The Latent Content – which is the hidden meaning.
Freud had said that dreams were: “The Royal Road to the Unconscious”, and they can be extraordinarily revealing. Perls became dissatisfied with Freudian-style interpretation; he believed the person who really knew what the dream meant was the dreamer. He referred to dreams as: “The Royal Road to Integration”, because he felt that part of the task of psychotherapy was to integrate the different parts of the personality, which had become split off from each other, or ‘disowned’. Sometimes we do not want to know that we have the capacity to do terrible things, but we have. Perls believed that every part of the dream represented a part of the personality and needed to be integrated. He also believed (like Jung) that every dream contained a very important existential message for the dreamer.

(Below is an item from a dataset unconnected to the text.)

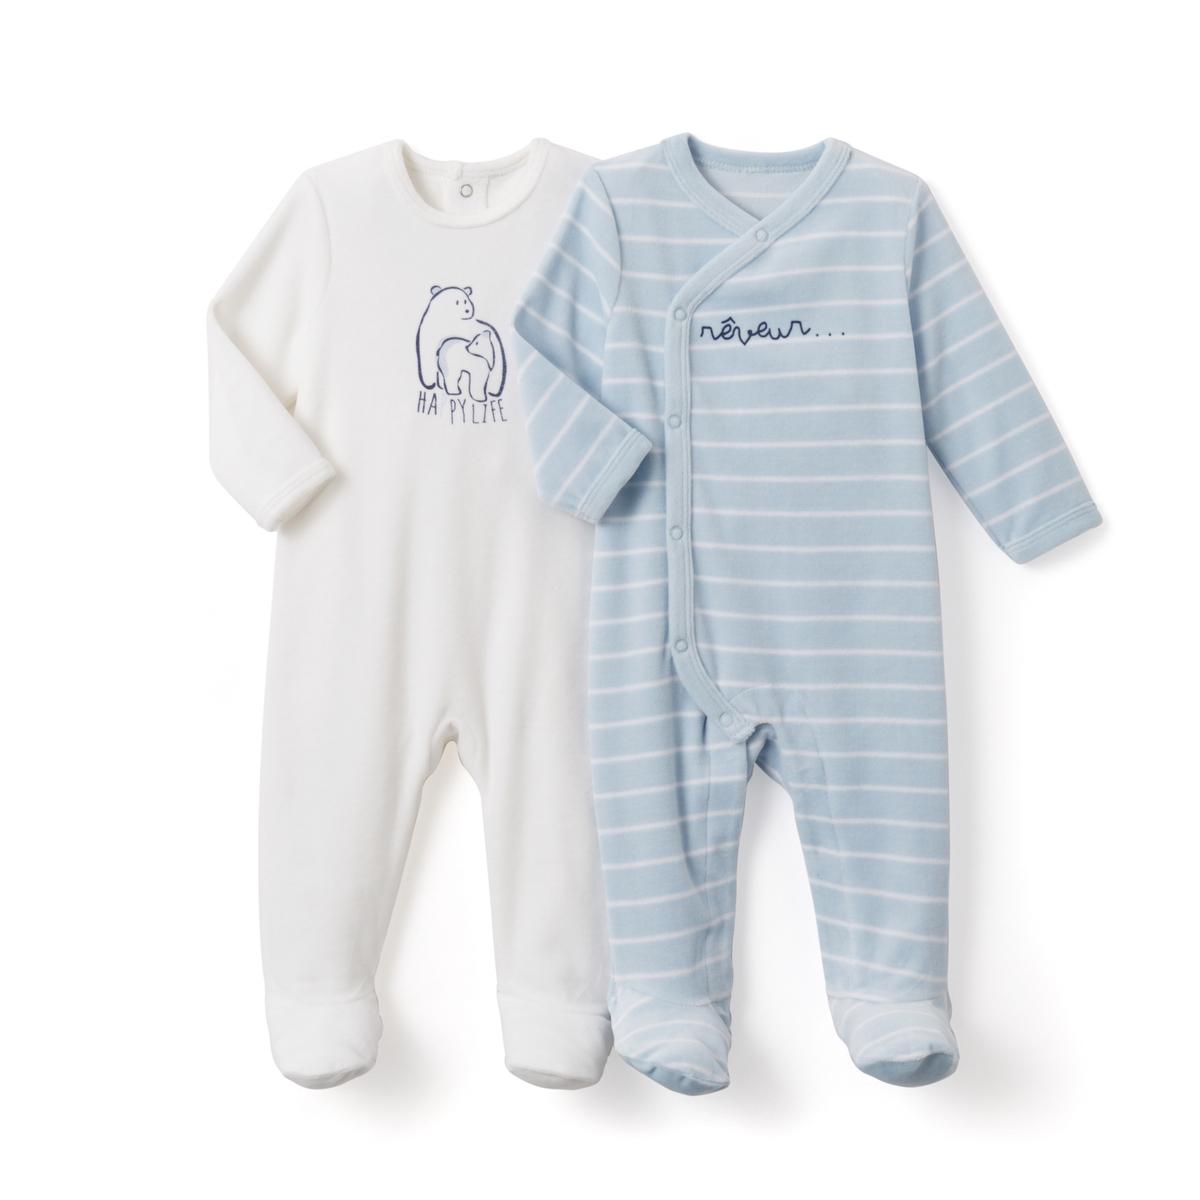 Пижама велюровая с закрытыми ножками (2 шт.)Великолепная пижама из велюра с застежкой на кнопки сзади и пижама с перекрестной застежкой спереди: комплект из 2 пижам на разные случаи!Состав и описание :Материал : 75% хлопка, 25% полиэстера Марка: R Mini Застежка:  1 пижама с застежкой на кнопки сзади          1 пижама с застежкой спередиУход: :Машинная стирка при 30 °С.Стирка и глажка с изнаночной стороны.Машинная сушка запрещена.<br><br>Цвет: синий + экрю<br>Размер: 0 мес. - 50 см.3 года - 94 см.2 года - 86 см.6 мес. - 67 см.9 мес. - 71 см.18 мес. - 81 см
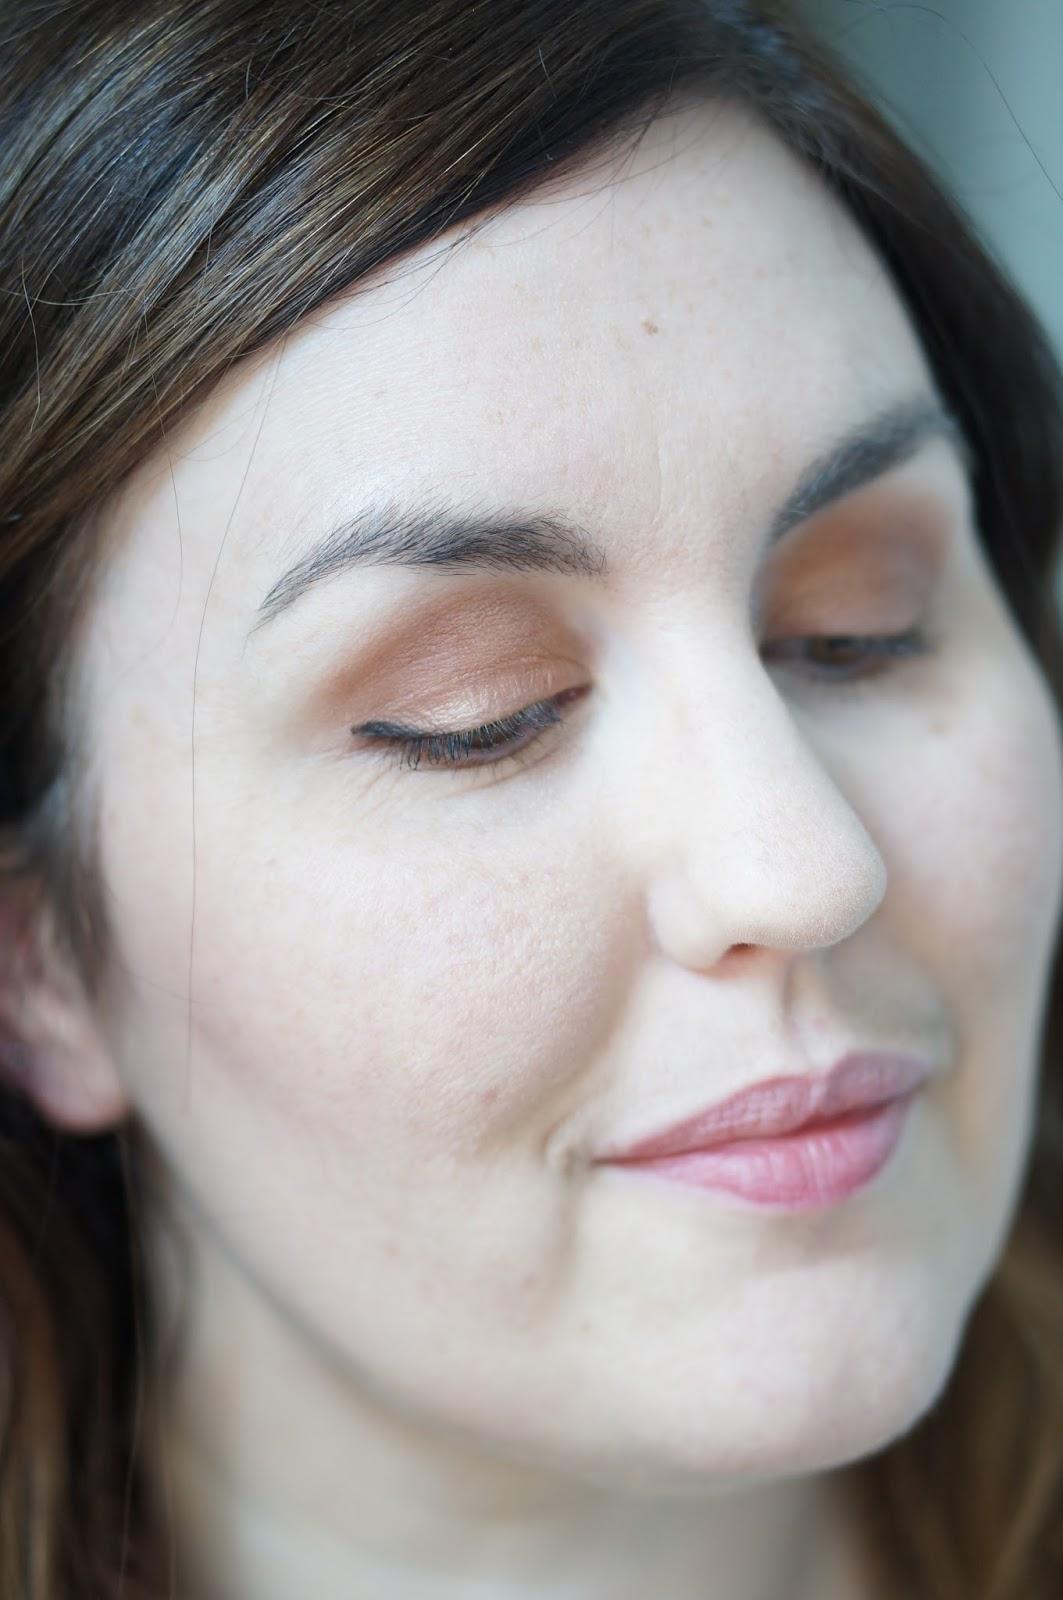 Rebecca Lately Rodial Makeup Eyeshadow Palette Banana Powder Smokey Eye Pen

Here is an example of how a therapist could proceed:
-       Ask the dreamer to re-tell the dream in the present tense, adding as much detail as       possible. (This brings the dream to life in the HERE and NOW, so it can more           readily be enacted.)
- If the dream is long and involved, ask the dreamer which bit intrigues him/her the     most.
- Begin to enact, or speak as, the different parts: characters; objects; animals; moods; supernatural forces. You can go with the main things that stand out, but usually it is the little incidental aspects that the client scarcely mentions, which are the things to go for, because that little insignificant detail represents the most disowned part of the personality.
- Ask the client what he/she thinks the whole dream means. What is his/her unconscious mind trying to tell him/her? He/she created the dream, so what is the message?